_What is required_. Restate all data exactly. No images.

_Dataset content_.

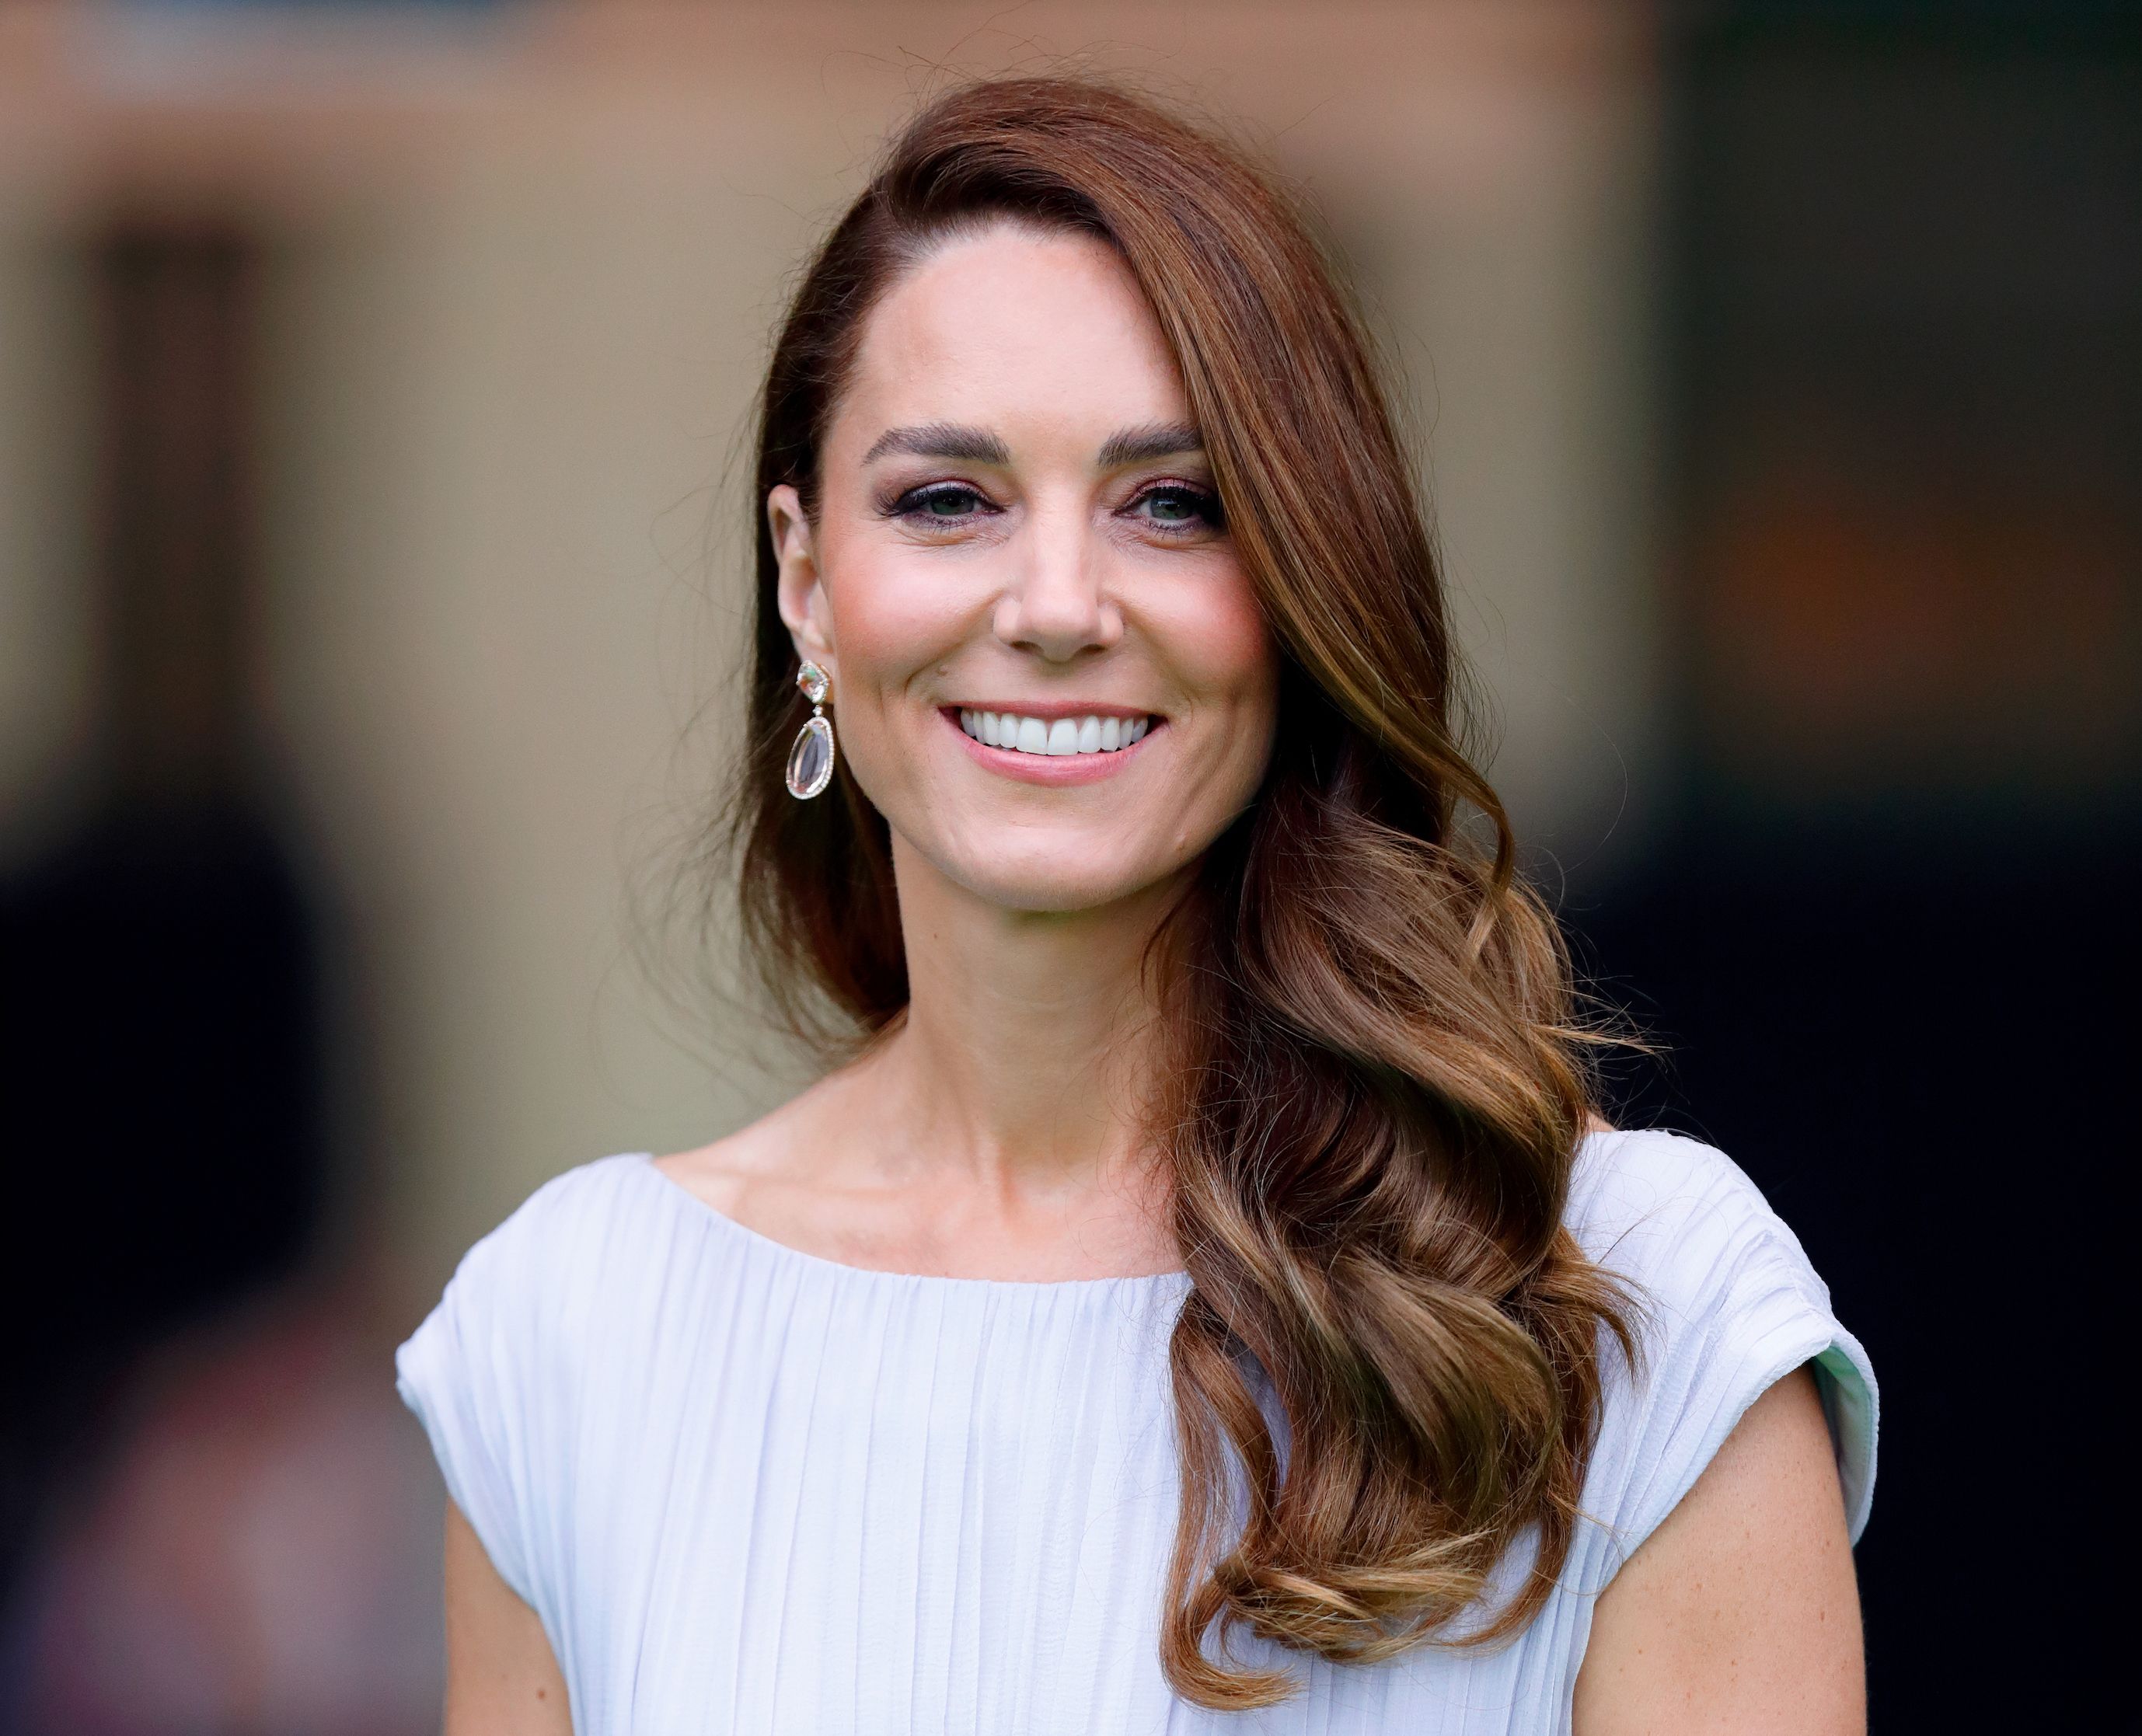 What Goes Into Kate Middleton's Breakfast Smoothie?
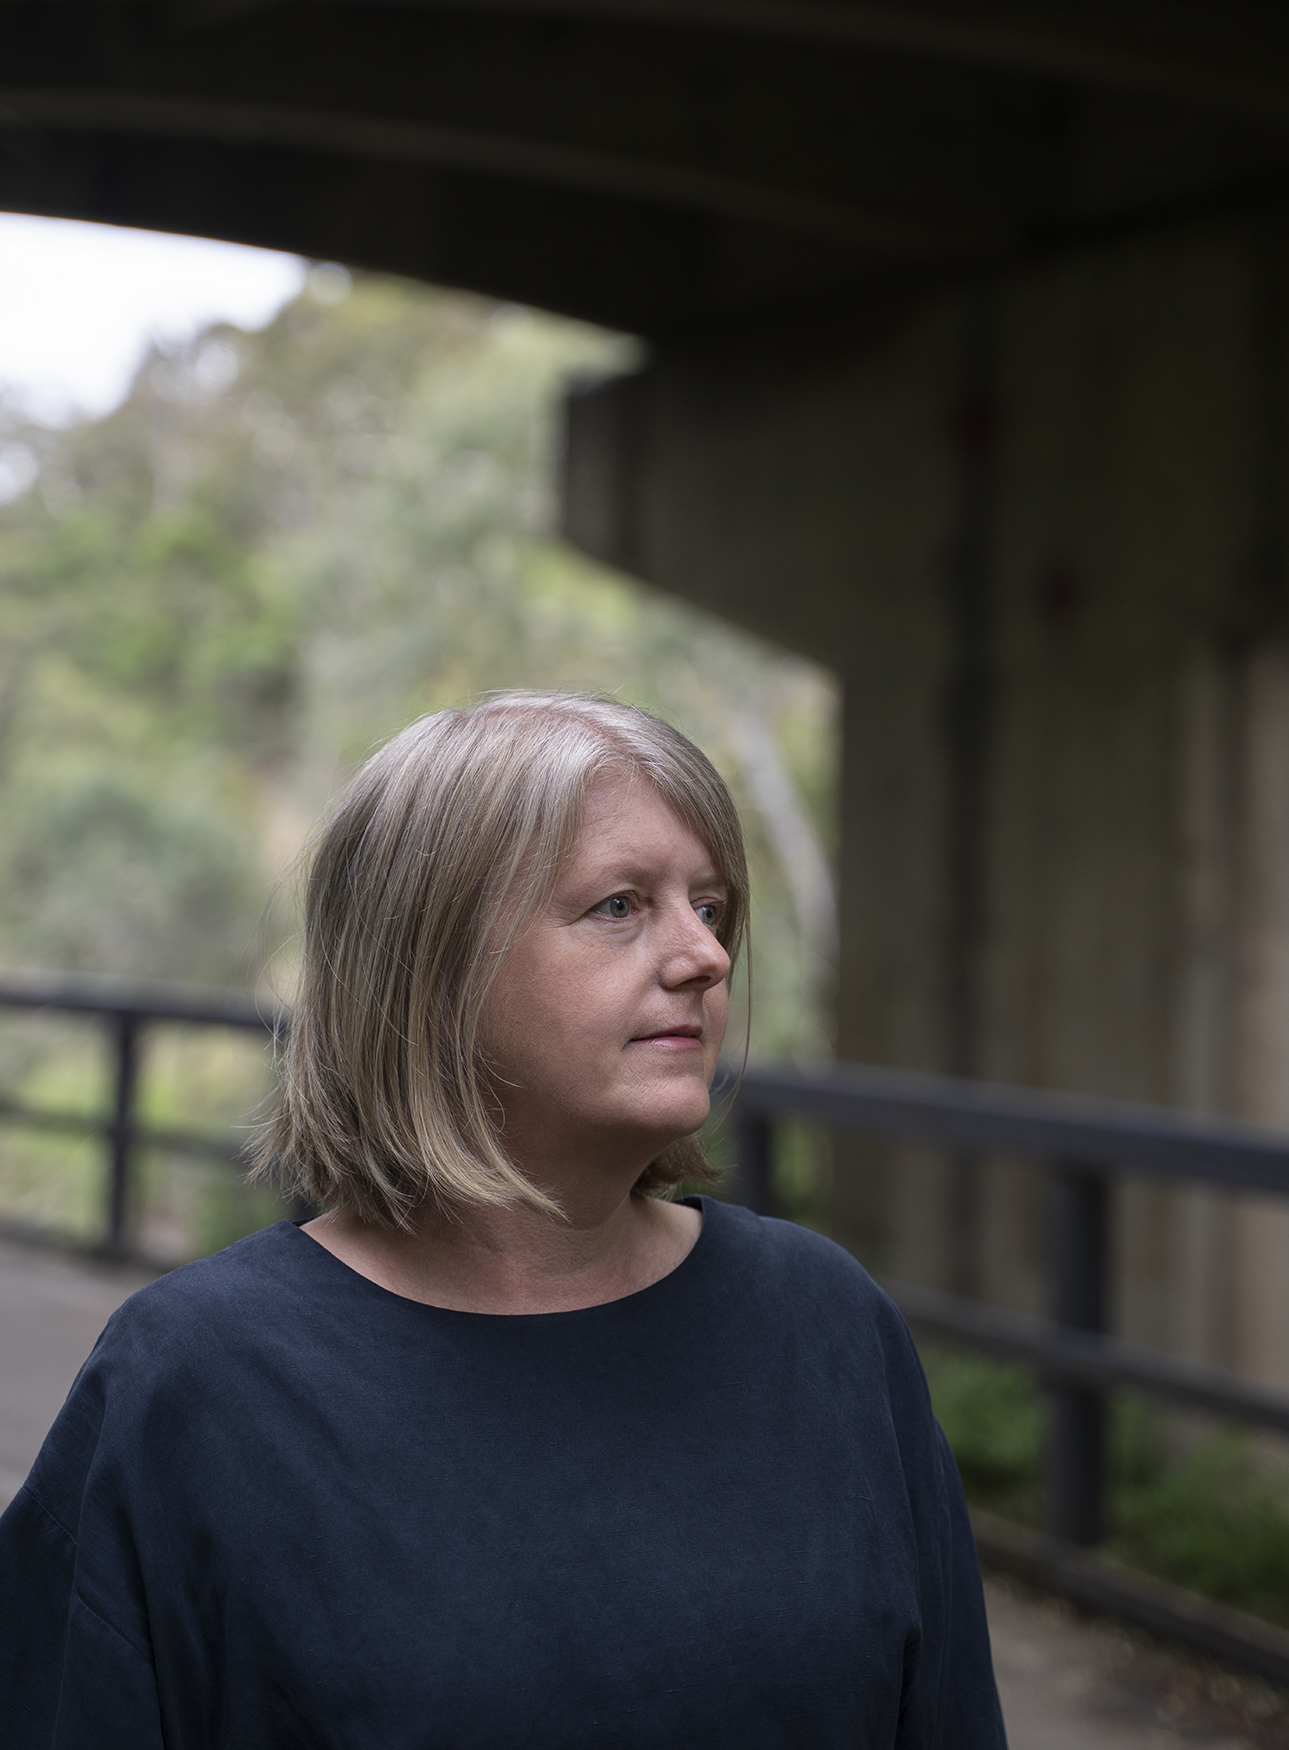 A blond middle-aged woman in a blue top looks melancholy as she stands under a bridge.
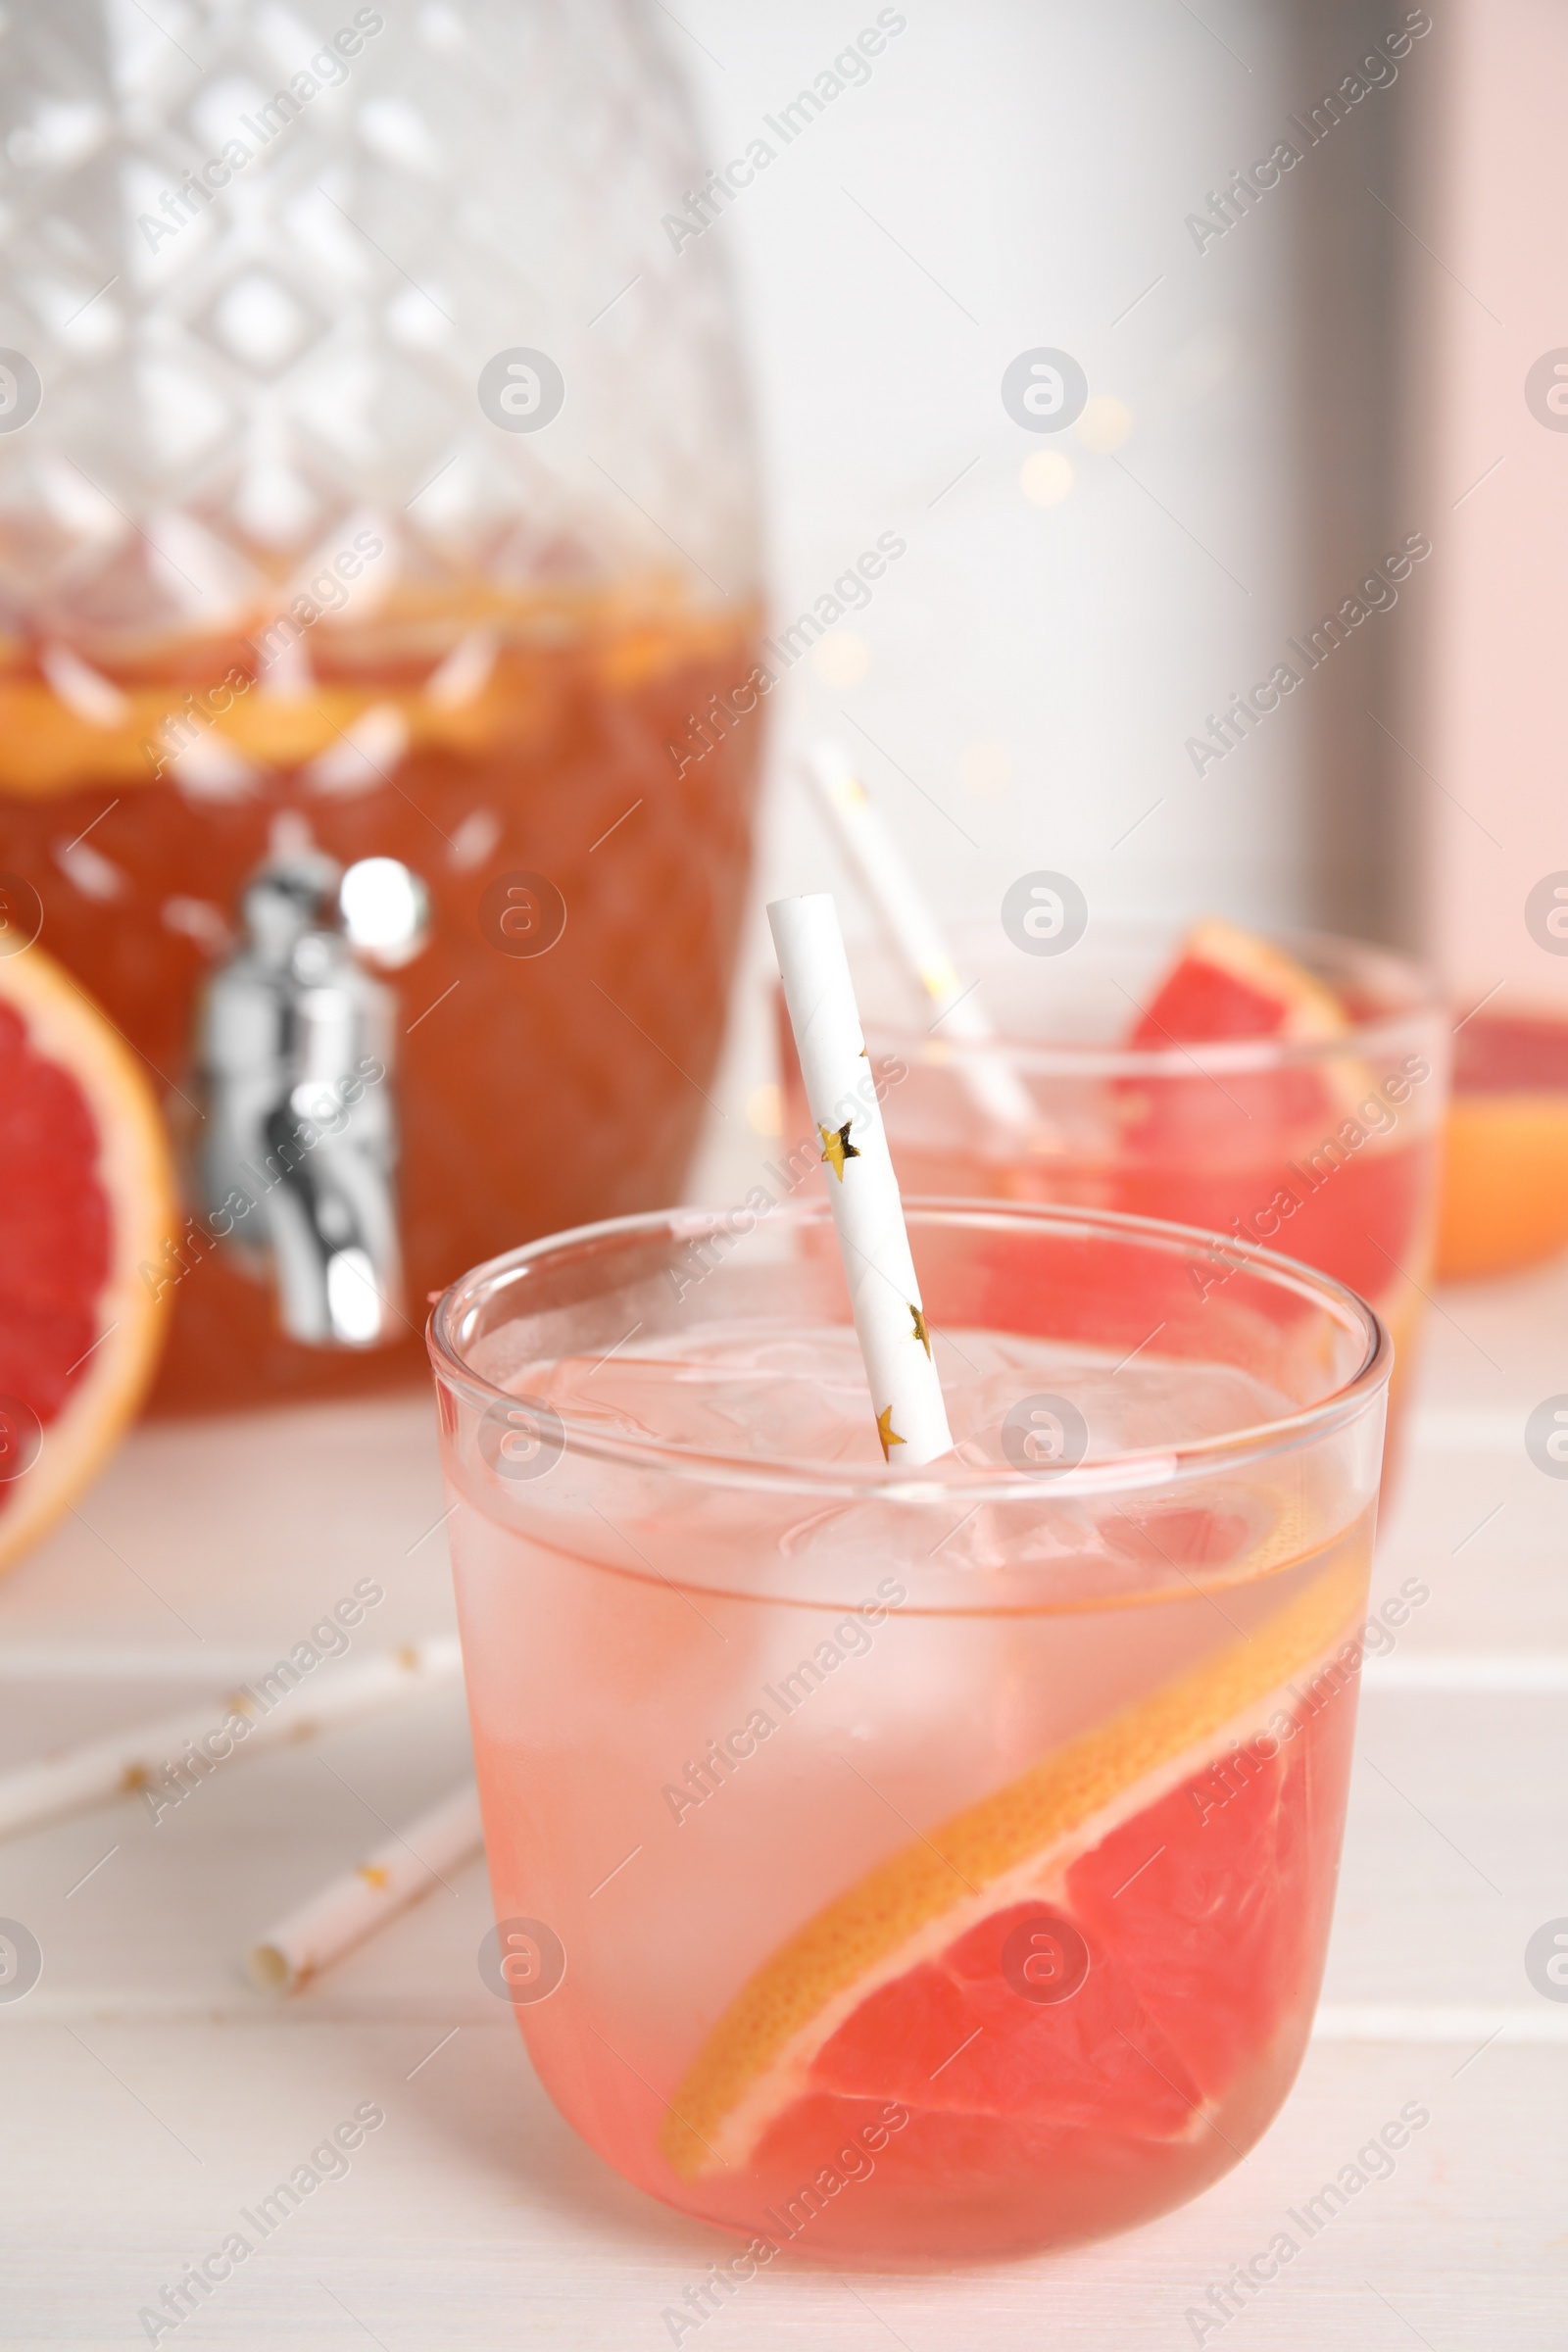 Photo of Delicious refreshing lemonade with grapefruit slices on white wooden table

_Response box_.
 What Goes Into Kate Middleton's Breakfast Smoothie?
 A blond middle-aged woman in a blue top looks melancholy as she stands under a bridge.
 Photo of Delicious refreshing lemonade with grapefruit slices on white wooden table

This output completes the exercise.